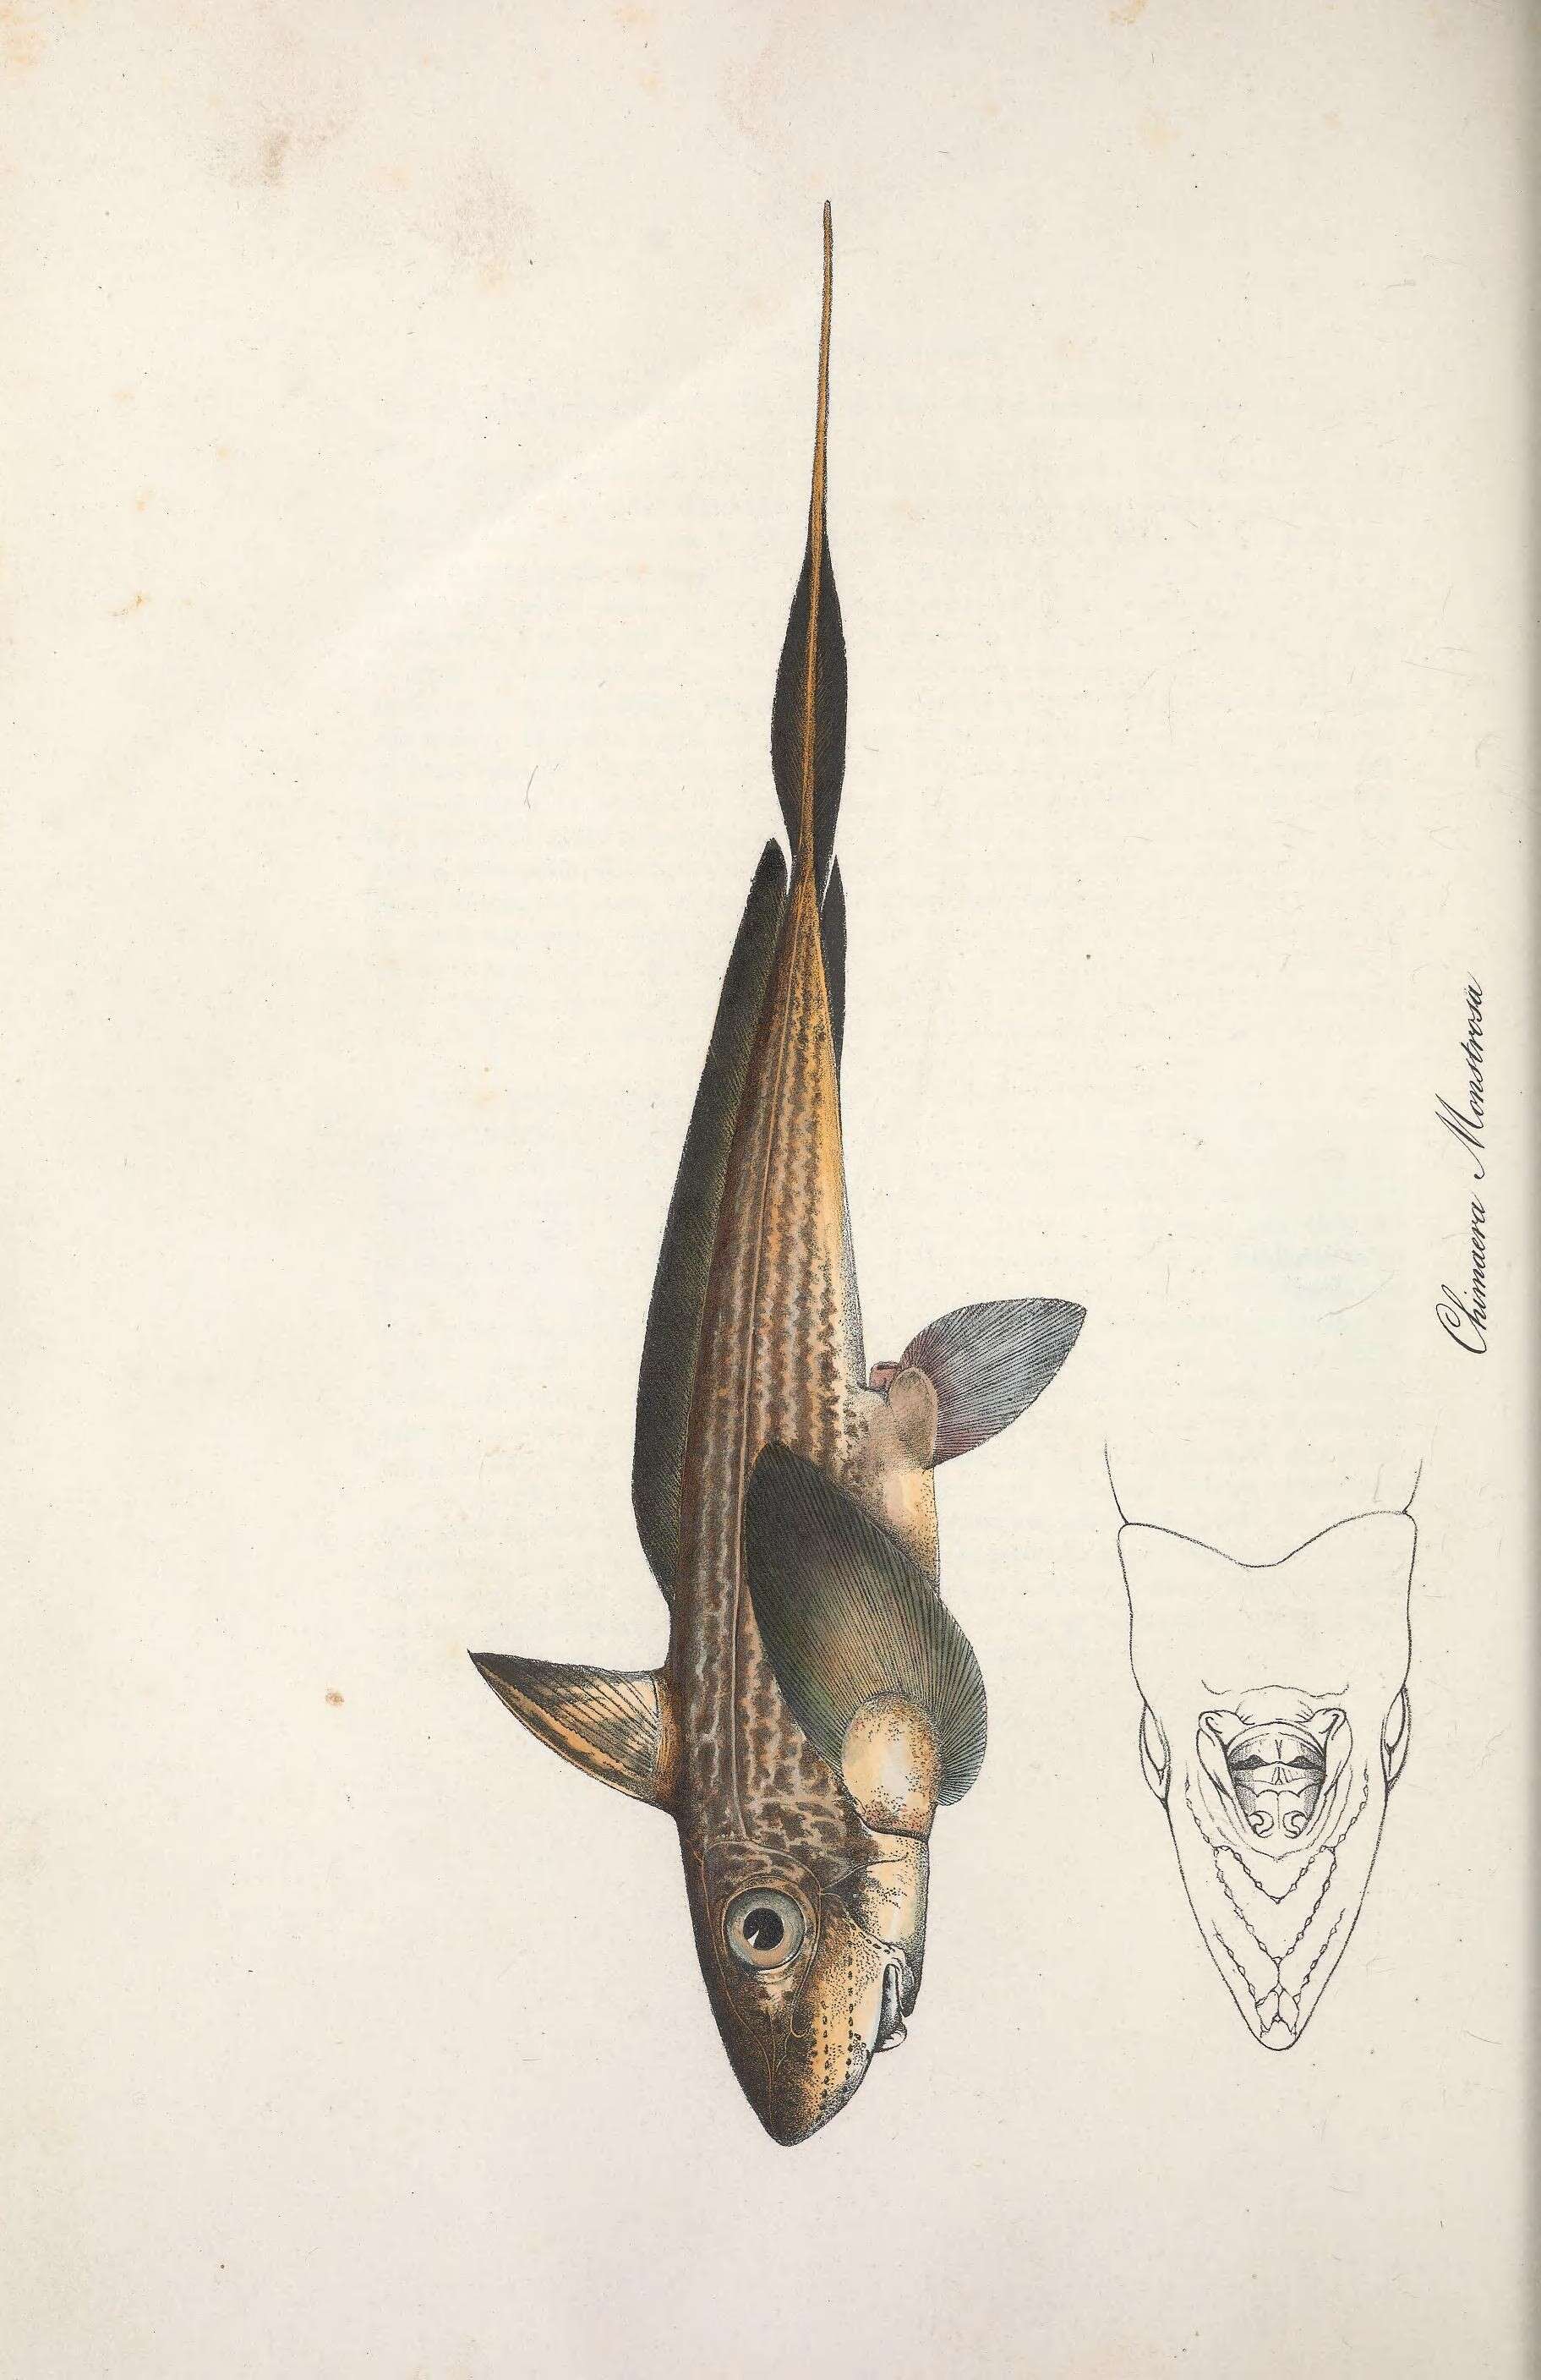 Imagem de Chimaera monstrosa Linnaeus 1758
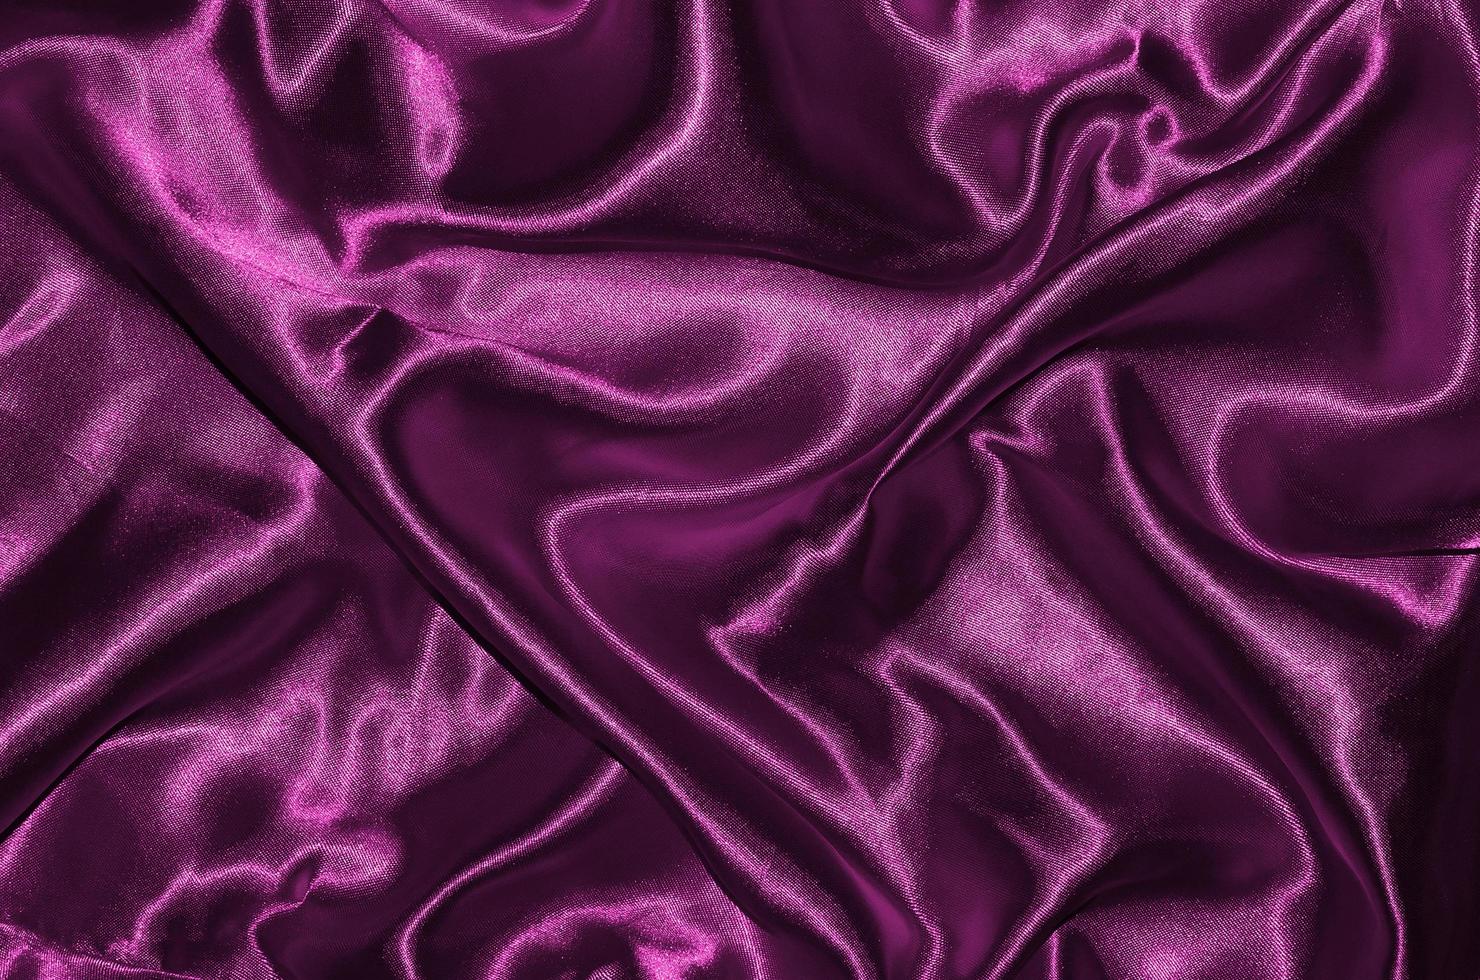 Hintergrund und Tapete aus rosa Stoff und gestreiftem Textil foto
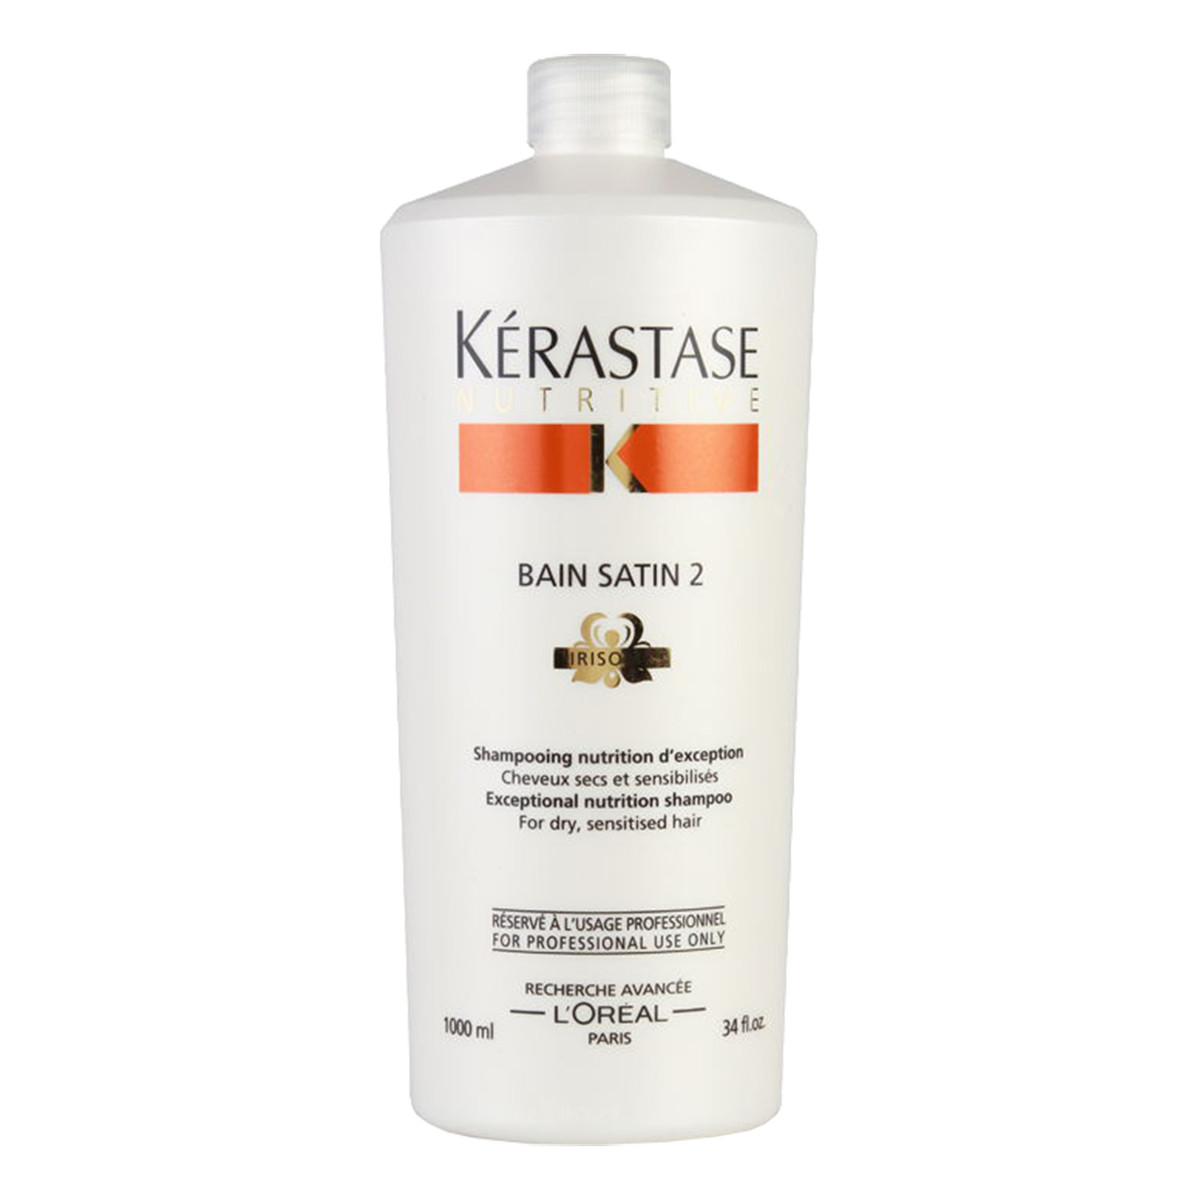 Kerastase Nutritive Bain Satin 2 kąpiel odżywcza do włosów suchych lub uwrażliwionych 1000ml

TASK DIRECTIONS
With the pictures omitted, the material is to be transcribed exactly.

REPLY TO THE EXERCISE
 Imagem de Chimaera monstrosa Linnaeus 1758
 Hintergrund und Tapete aus rosa Stoff und gestreiftem Textil foto
 Kerastase Nutritive Bain Satin 2 kąpiel odżywcza do włosów suchych lub uwrażliwionych 1000ml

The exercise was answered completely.